Regressing AR(p) Models

I recently finished a course with the statistics department on Time Series Analysis, and a large component was regressing models onto the data. Today, I am looking at regressing autoregressive models. The simplest model of this type is the AR(1) model, which takes the following form, where $y_t$ is the value of the series at time $t$ and $w_t$ is a random noise component. This models how the current value $y_t$ is based on the last value $y_{t-1}$, or one time lag.

\[y_{t} = \phi y_{t-1} + w_t\]

The more general AR(p) model includes p time parameters, meaning p coefficients.

\[y_{t} = \sum_1^p\phi_i y_{t-i} + w_t\]

When looking at the AR(1) model, we can derive an expression for a least-squares type approach, with a series with N observations.

\[\begin{align*} y_2 &= \phi y_1\\ y_3 &= \phi y_2\\ &\vdots\\ y_N &= \phi y_{N-1} \end{align*}\]

So we have the following matrices, and we can get a nice closed-form solution for the AR(1) case.

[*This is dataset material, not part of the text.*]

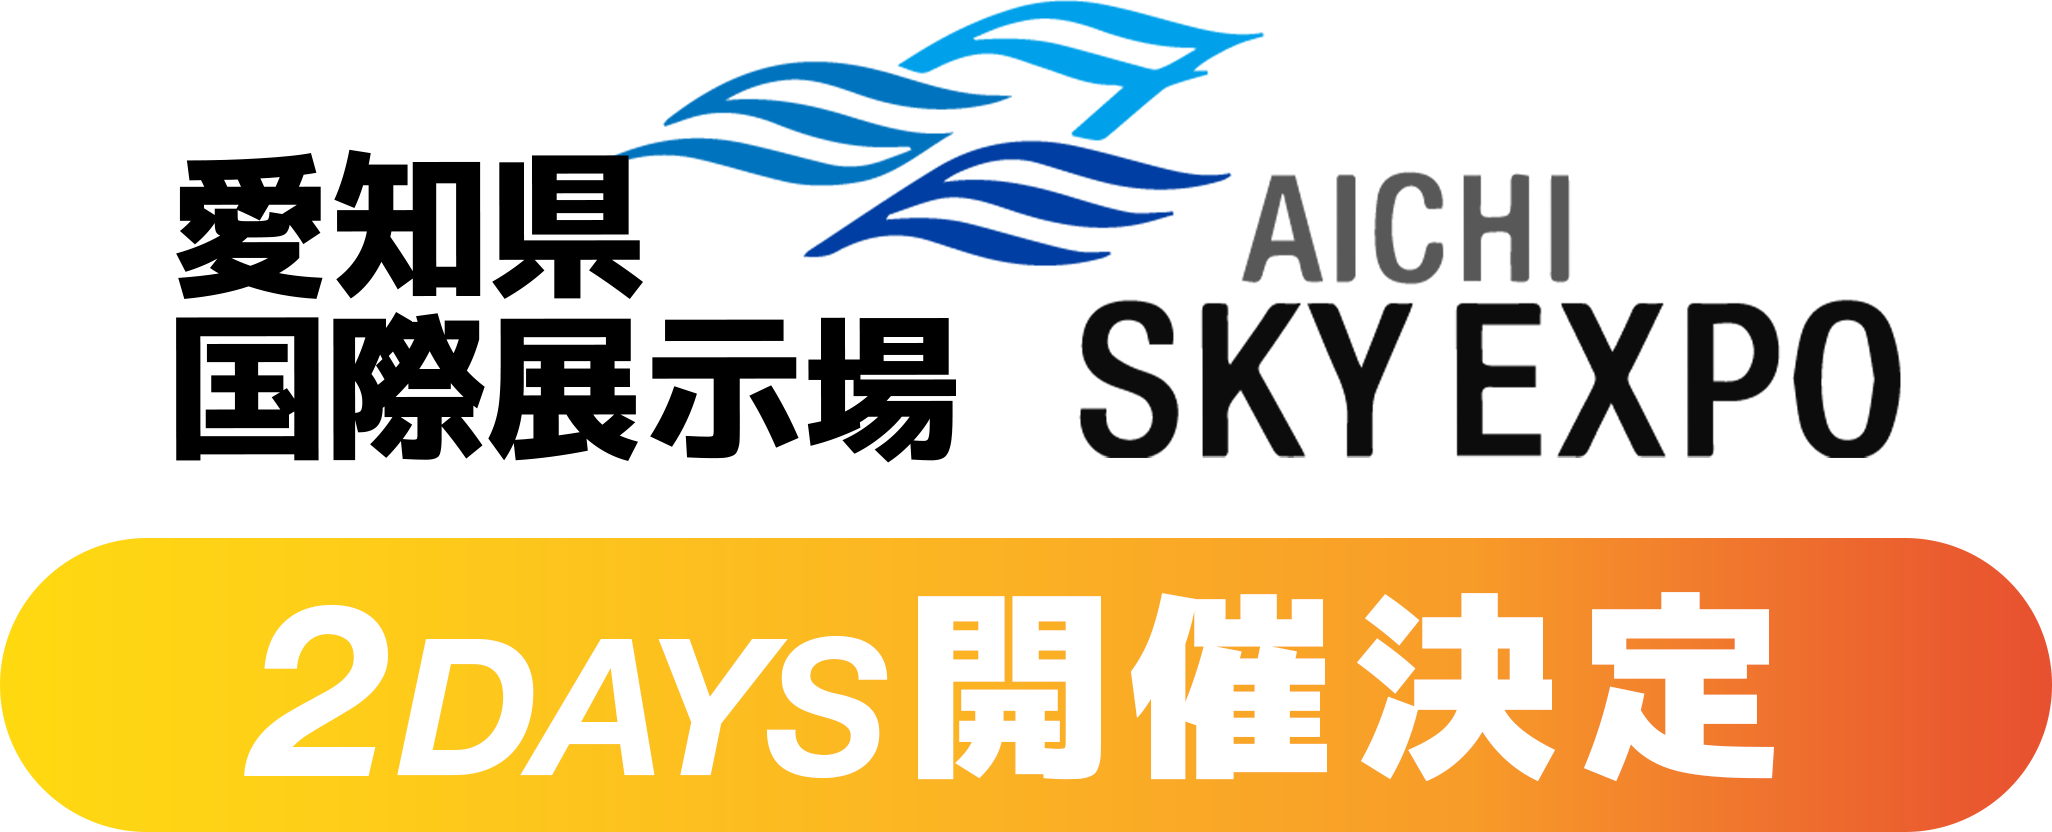 愛知県国際展示場 (Aichi Sky Expo) 2Days開催決定

\[\begin{align*} A = [y_1, y_2, \dots, y_{N-1} ]^T\\ b = [y_2, y_3, \dots, y_{N} ]^T\\ A^TA\phi = A^Tb \rightarrow \phi = \frac{\sum_{1}^{N-1}y_{i+1}y_{i}}{\sum_{1}^{N-1}y_i^2} \end{align*}\]

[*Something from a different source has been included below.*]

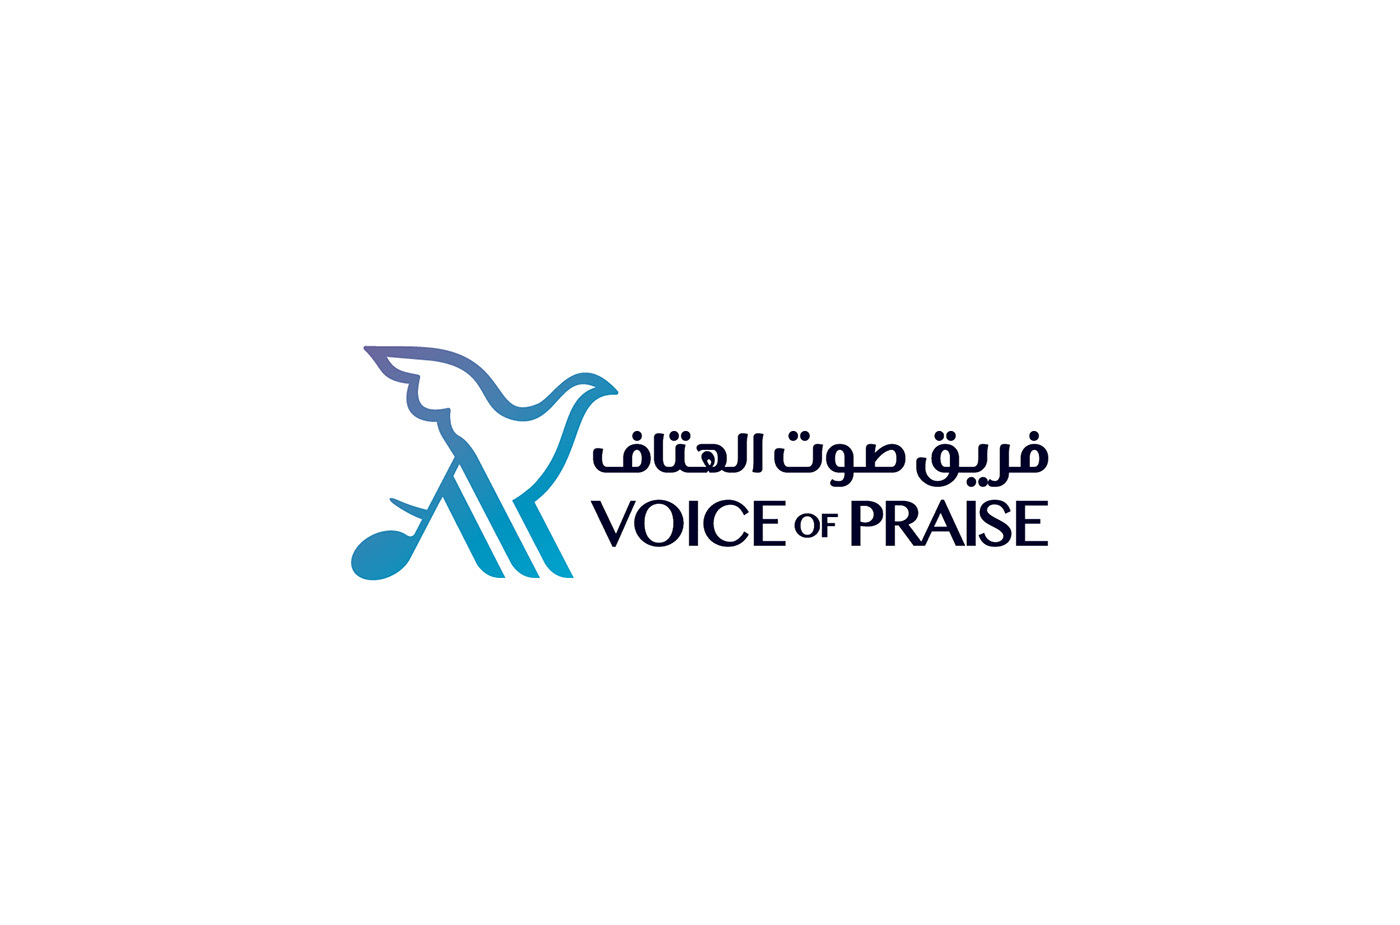 band Christian holy jordan logo MENA music voiceofpraise VOP worship

For the higher-order models, we can similarly derive the same least-squares expressions by the same method above. Each index of $A^TA_{i j} = \sum_p^{N-p} y_{i+p} y_{y+j}$. However, if stationarity can be assumed for this series we can make the following reasonable assumption $A^TA_{ij} = c_{\mid i-j \mid}$. This is a Toeplitz matrix and can be solved much faster and bypass the need to form the $A$ matrix and carry out the $A^TA$ matrix multiplication as well as save memory.

As an example, we can make a time series data with 1 million data points with only one real parameter $\phi = 0.9$ with a white noise variance $\sigma^2 = 1$. Since we didn’t look at the ACF or PACF, we don’t know that and regress an AR(100) model onto this data. Code at the bottom.

The Least Squares method with full matrices uses 770 MB of memory to store all of the matrices and takes 433 mSec to solve the AR(100) coefficients resulting in $\phi_1 = 0.89752$.

The Toeplitz method only takes 3.2 KB of memory to store all of the Toeplitz coefficients and takes 65.9 uSec to solve the AR(100) coefficients resulting in $\phi_1 = 0.89749$.

The mse between the two solutions for the entire $\phi$ vector is $7.73* 10^{-11}$.


from scipy.linalg import solve_toeplitz
import numpy

y = [0]
for i in range(1000000):
    y.append(0.9*y[-1] + numpy.random.randn())

y = numpy.array(y)
num_params = 100

# standard method with matrices 
A = numpy.block([y[i:i-num_params].reshape(-1,1) for i in range(num_params)])
b = y[num_params:].reshape(-1,1)

# toeplitz method
def gen_row(index):
    return y[index:index-num_params].reshape(-1,1)

toeplitz_coeffs = numpy.zeros(num_params)
for i in range(num_params):
    toeplitz_coeffs[i] = gen_row(i).T@gen_row(0)
    
new_b = numpy.zeros(num_params)
for i in range(num_params):
    new_b[i] = gen_row(i).T@b

# Time the solve 
%timeit phi = numpy.flip(numpy.linalg.solve(A.T@A, A.T@b))
%timeit phi = numpy.flip(solve_toeplitz(toeplitz_coeffs, new_b))